**Problem details:** Only the lines from the one that includes "Apprenticeships_Logo - Lake" through the last line below belong in the reply, copied exactly and without pictures.

**Dataset content:**
++++++

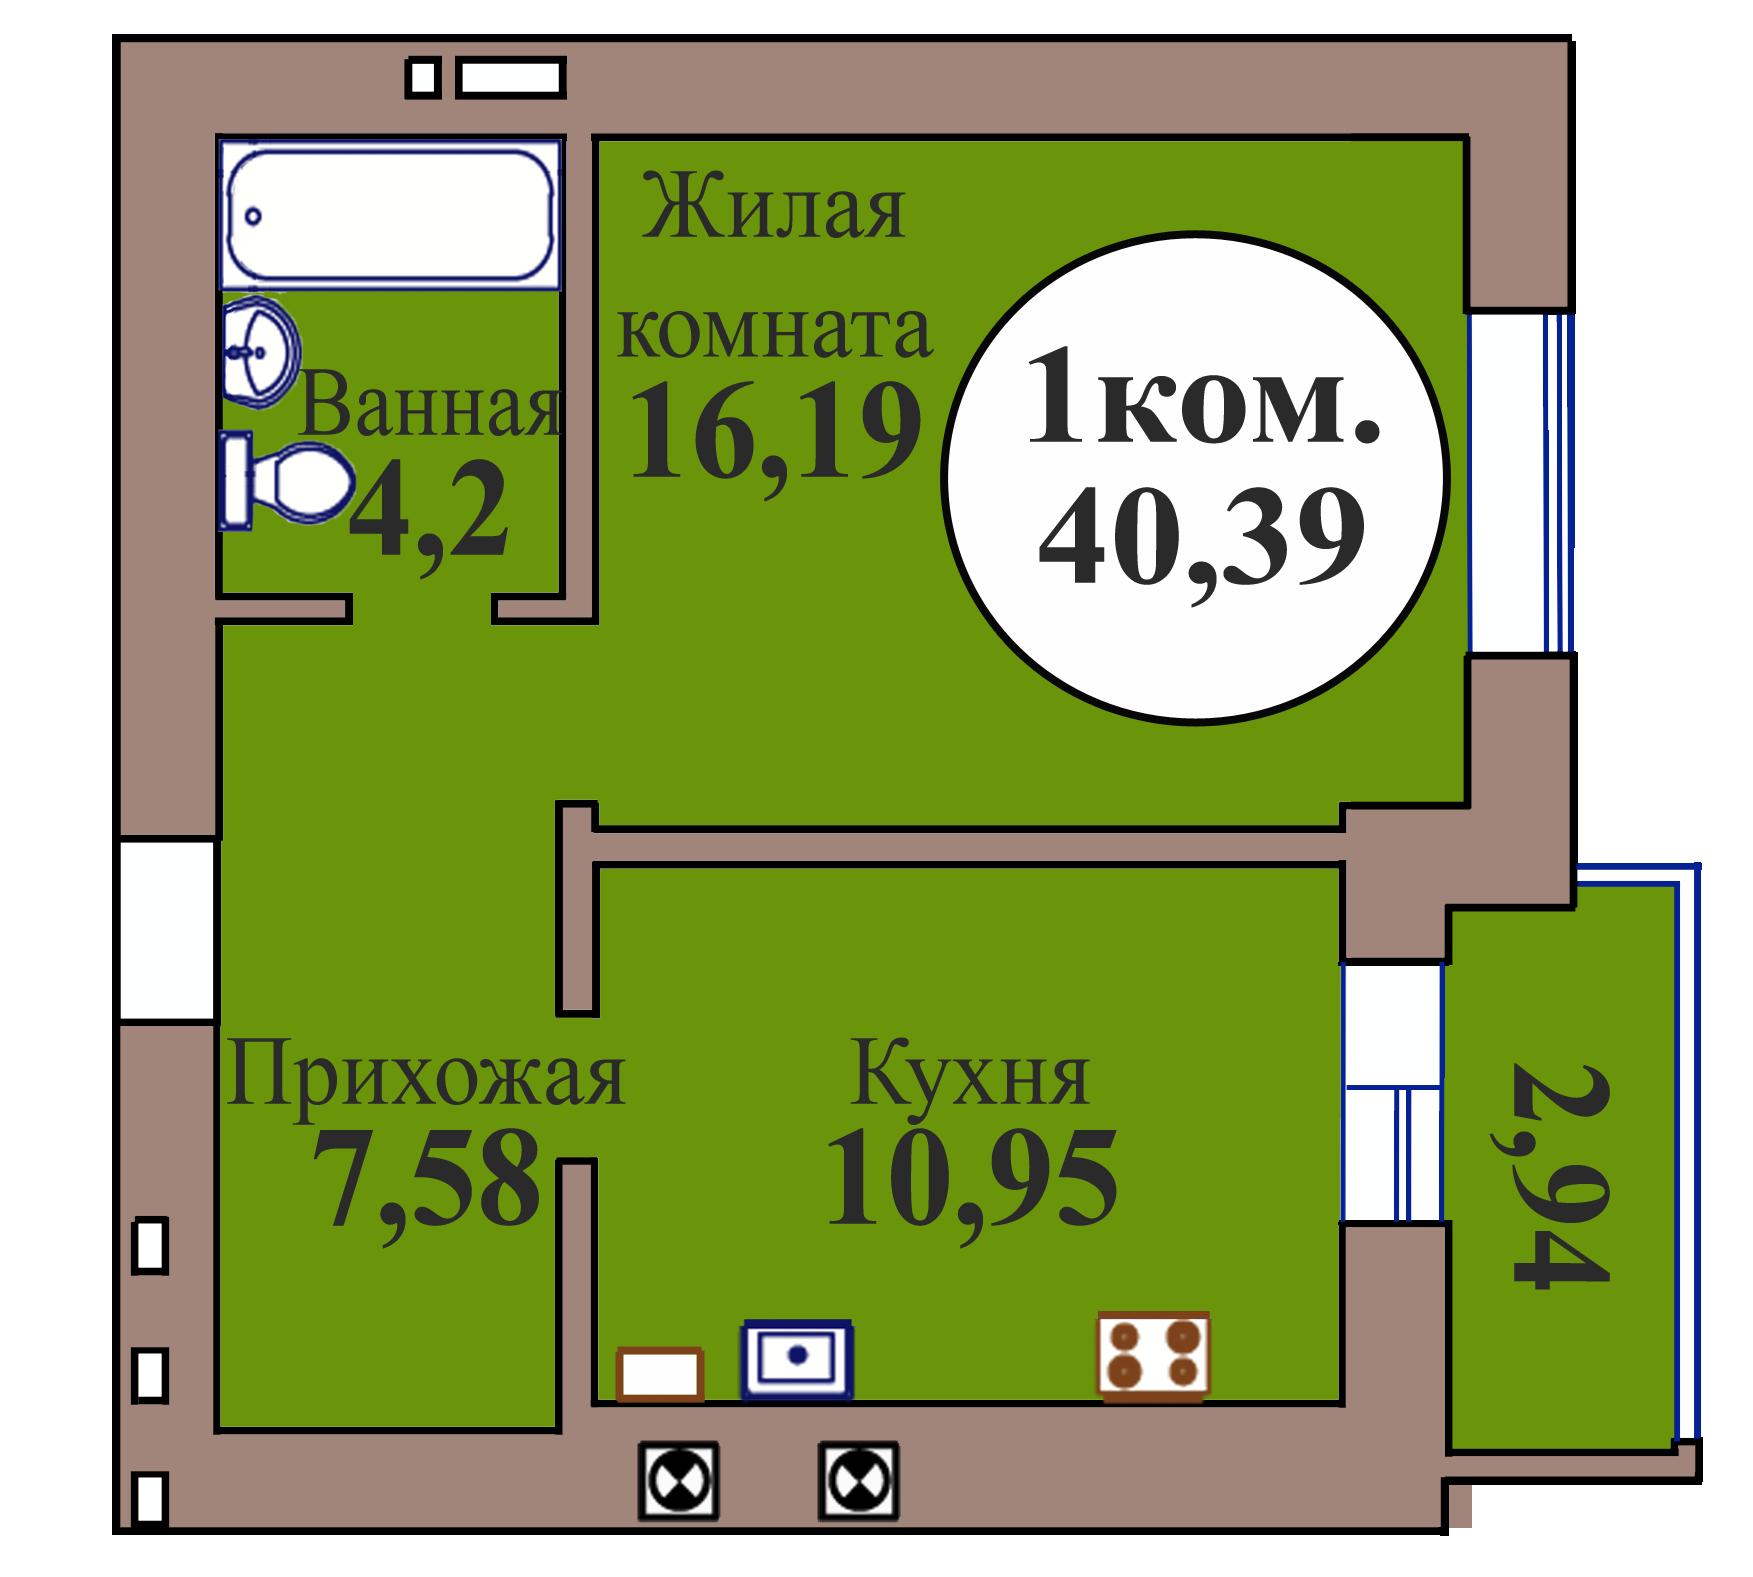 1-комн. кв. по пер. Калининградский, 5 кв. 111 в Калининграде
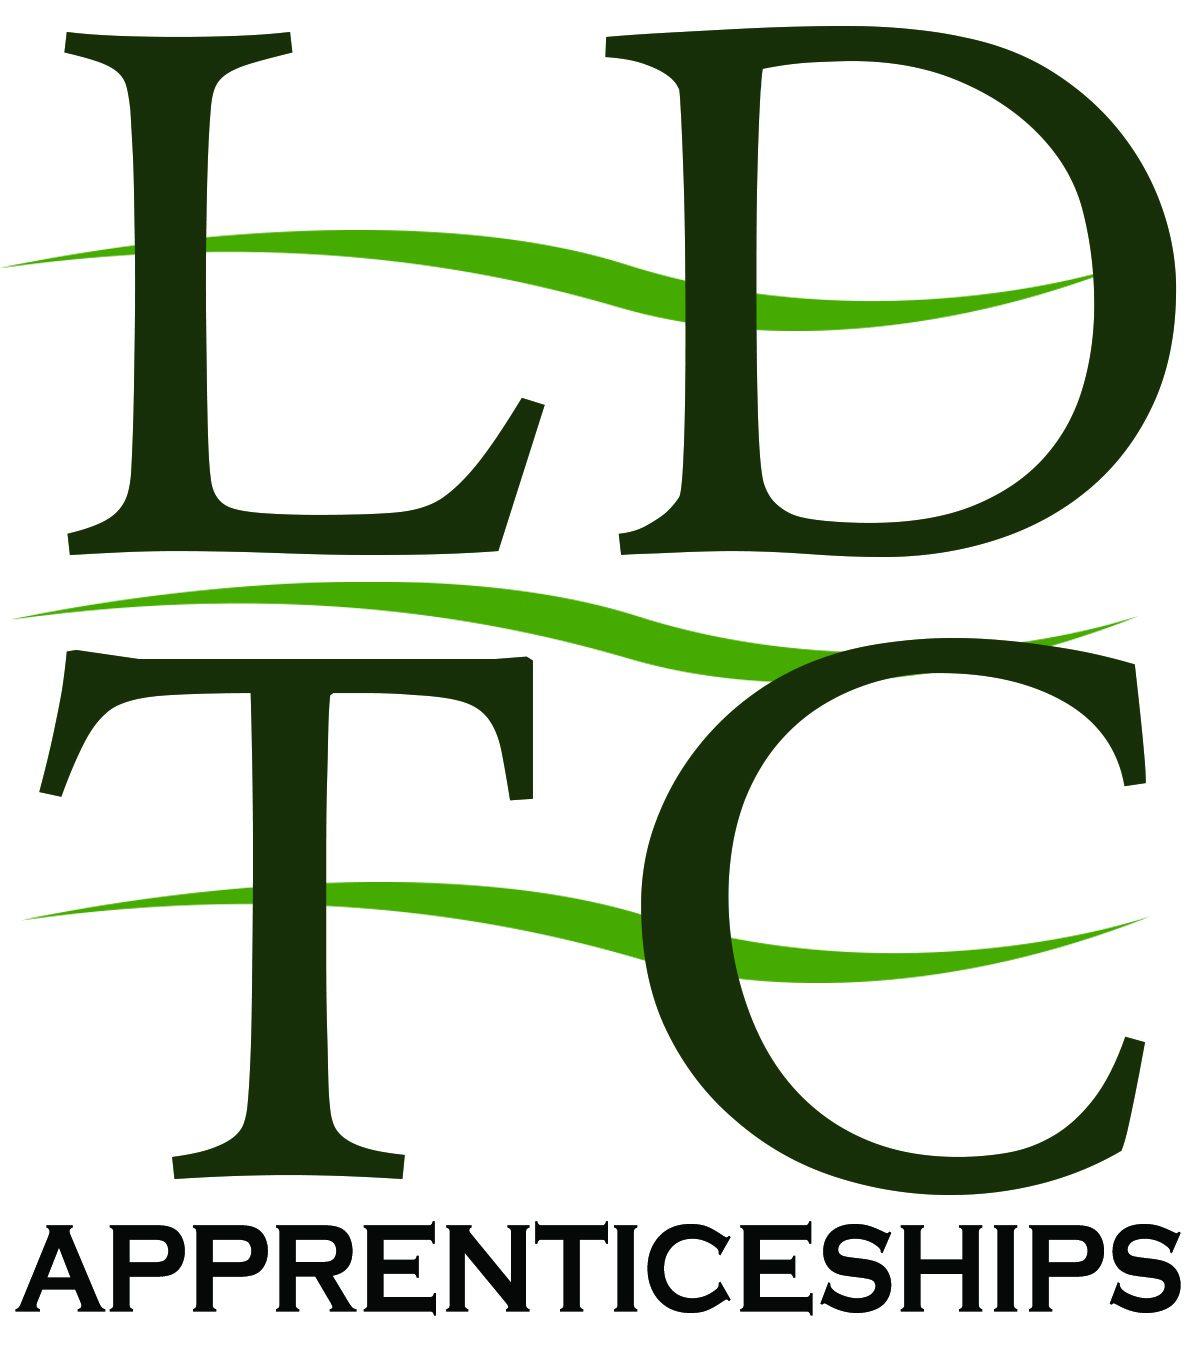 Apprenticeships_Logo - Lake Dillon Theatre throughout Nyc Board Of Education Calendar 2022
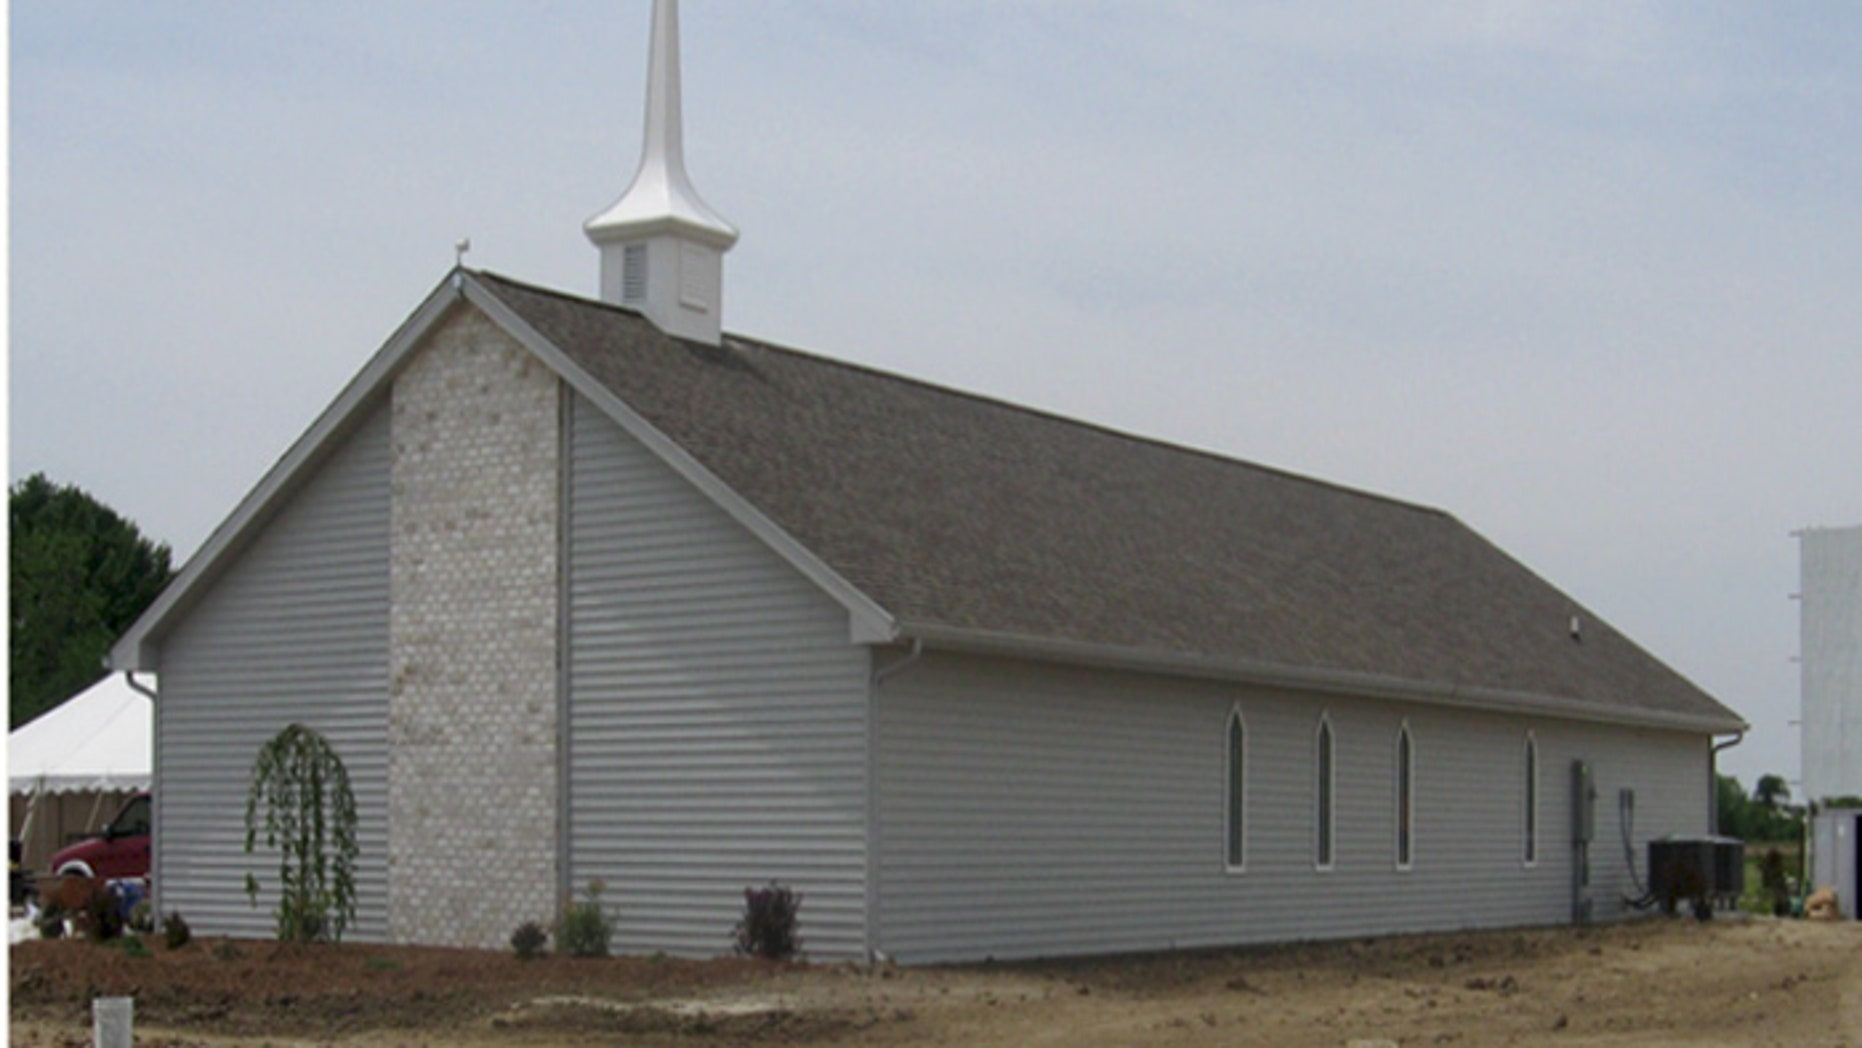 Faithful volunteers build church in one day in Iowa | Fox News

++++++

**Solution to this task:**
 Apprenticeships_Logo - Lake Dillon Theatre throughout Nyc Board Of Education Calendar 2022
 Faithful volunteers build church in one day in Iowa | Fox News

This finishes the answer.